We can first bring the summation out of the loop:

b=0;
for i = 1:n
 b = b + (X(i,:).' * Y(i,:) - S).^2;
end
b=sum(b(:))

Knowing that we can write (a - b)^2 as a^2 - 2*a*b + b^2

b=0;
for i = 1:n
 b = b + (X(i,:).' * Y(i,:)).^2 - 2.* (X(i,:).' * Y(i,:)) .*S + S.^2;
end
b=sum(b(:))

And we know that (a * b) ^ 2 is the same as a^2 * b^2:

X2 = X.^2;
Y2 = Y.^2;
S2 = S.^2;
b=0;
for i = 1:n
 b = b + (X2(i,:).' * Y2(i,:)) - 2.* (X(i,:).' * Y(i,:)) .*S + S2;
end
b=sum(b(:))

Now we can compute each term separately:

 b = sum(sum(X2.' * Y2 - 2 * (X.' * Y ) .* S + n * S2));

Here is the result of a test in Octave that compares my method and two other methods provided by @AndrasDeak and the original loop based solution for inputs of size 500*500:

===rahnema1 (B)===
Elapsed time is 0.0984299 seconds.

===Andras Deak (B2)===
Elapsed time is 7.86407 seconds.

===Andras Deak (B3)===
Elapsed time is 2.99158 seconds.

===Loop solution===
Elapsed time is 2.20357 seconds


n=500;
X= rand(n);
Y= rand(n);
S= rand(n);

disp('===rahnema1 (B)===')
tic
 X2 = X.^2;
 Y2 = Y.^2;
 S2 = S.^2;
 b=sum(sum(X2.' * Y2 - 2 * (X.' * Y ) .* S + n * S2));
toc
disp('===Andras Deak (B2)===')
tic
 b2 = sum(reshape((permute(reshape(X, [n, 1, n]).*Y, [3,2,1]) - S).^2, 1, ));
toc
disp('===Andras Deak (B3)===')
tic
 b3 = sum(reshape((reshape(X, [n, 1, n]).*Y - reshape(S.', [1, n, n])).^2, 1, ));
toc
tic
 b=0;
 for i = 1:n
 b = b + sum(sum((X(i,:)' * Y(i,:) - S).^2));
 end
toc

edited Nov 12 at 13:20

answered Nov 12 at 12:56

rahnema1

9,8752922

1

Very nice! -- I guess sum(reshape(...)) is more expensive than sum(sum(...))?

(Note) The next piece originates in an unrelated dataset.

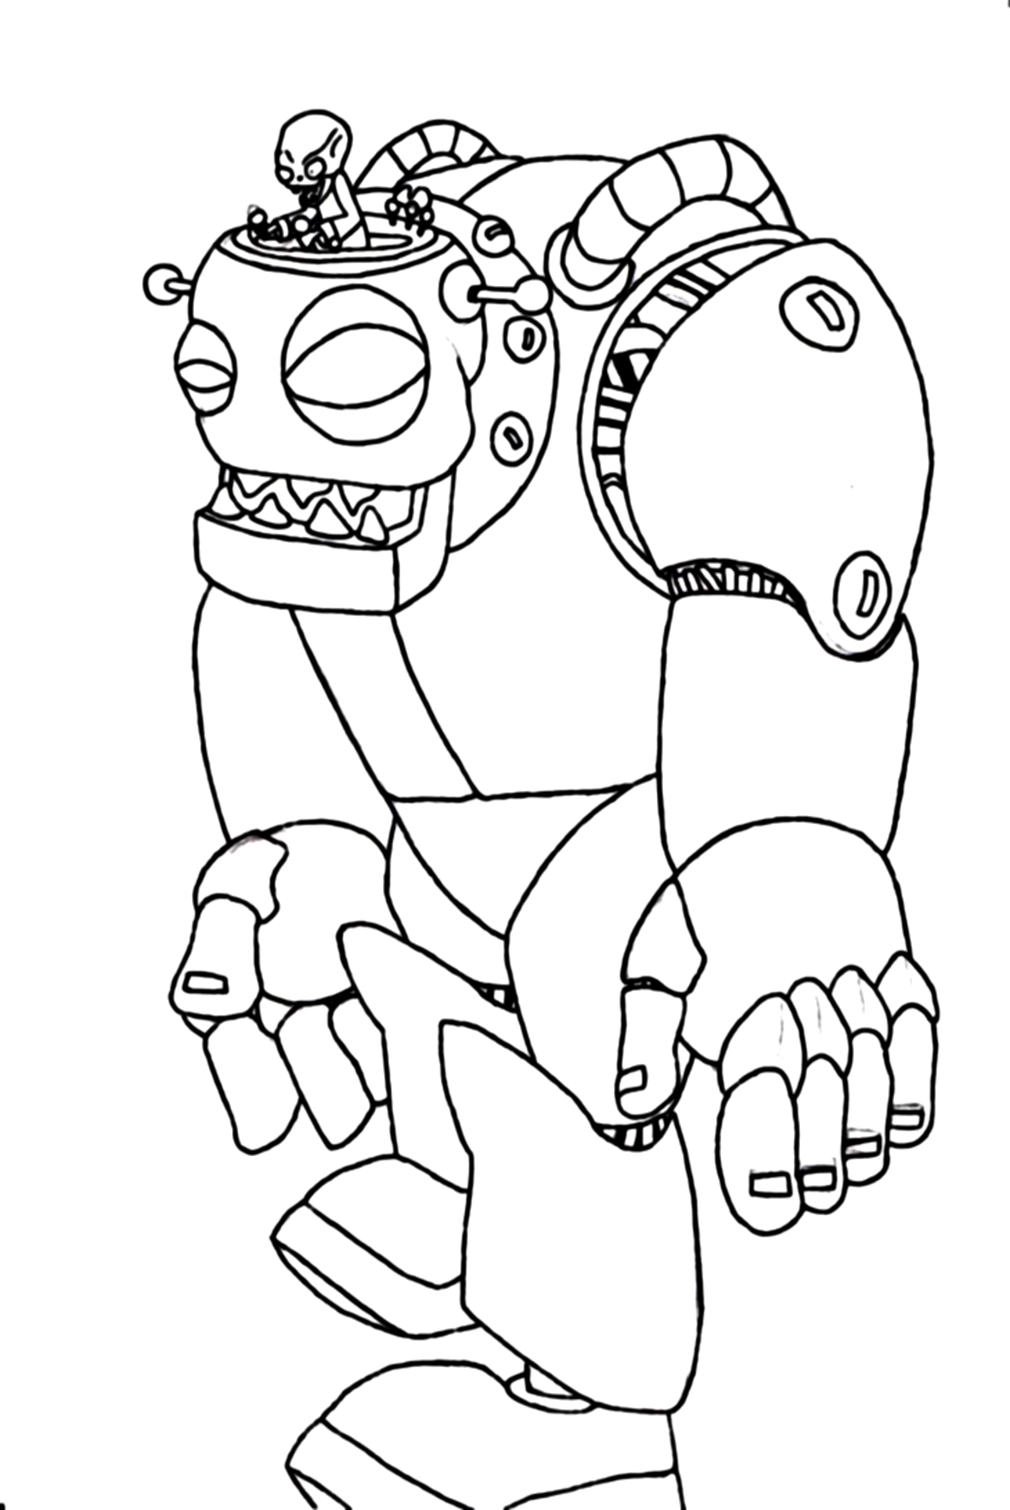 Dr. Zomboss From Plants Vs Zombies Coloring Pages

Is this because of the overhead in the reshape function? -- To avoid the double sum, in Octave you can do sum((...)(:)), and in MATLAB R2018b you can now do sum(...,'all'), which both are quite a bit more elegant than the double sum, and should be faster.
– Cris Luengo
Nov 12 at 16:17

Thanks. I don't know exactly which of sum-reshape or sum-sum performs better. Here I used sum-sum to reflect the original code and may be more readable. sum((...)(:)) may complicate readability and sum(...,'all') uses the ugly string parameter passing. Comparing them I think the difference in speed in the current problem is neglectible. May we need a more elegant function/operator?
– rahnema1
Nov 12 at 16:40

The double sum requires an intermediate array, so in principle it does more work. But yes, I'm sure it's not a measurable difference in this case. I agree with your readability comments. A new operator would be awesome. Something like sumall=@(x)sum(x(:)). But that does imply 20 or so new operators (meanall, stdall, maxall, etc. etc.), you can't do one and not all the others. :)
– Cris Luengo
Nov 12 at 16:44

add a comment |

You probably can't spare time complexity, but you can make use of vectorization to get rid of the loop and make use of low-level code and caching as much as possible. Whether it's actually faster depends on your dimensions, so you need to do some timing tests to see if this is worth it:

% dummy data
n = 3;
X = rand(n);
Y = rand(n);
S = rand(n);

% vectorize
b2 = sum(reshape((permute(reshape(X, [n, 1, n]).*Y, [3,2,1]) - S).^2, 1, ));

% check
b - b2 % close to machine epsilon i.e. zero

What happens is that we insert a new singleton dimension in one of the arrays, ending up with an array of size [n, 1, n] against one with [n, n], the latter being implicitly the same as [n, n, 1]. The overlapping first index corresponds to the i in your loop, the remaining two indices correspond to the matrix indices of the dyadic product you have for each i. Then we permute the indices in order to put the "i" index last, so that we can again broadcast the result with S of (implicit) size [n, n, 1]. What we then have is a matrix of size [n, n, n] where the first two indices are matrix indices in your original and the last one corresponds to i. We then just have to take the square and sum each term (instead of summing twice I reshaped the array to a row and summed once).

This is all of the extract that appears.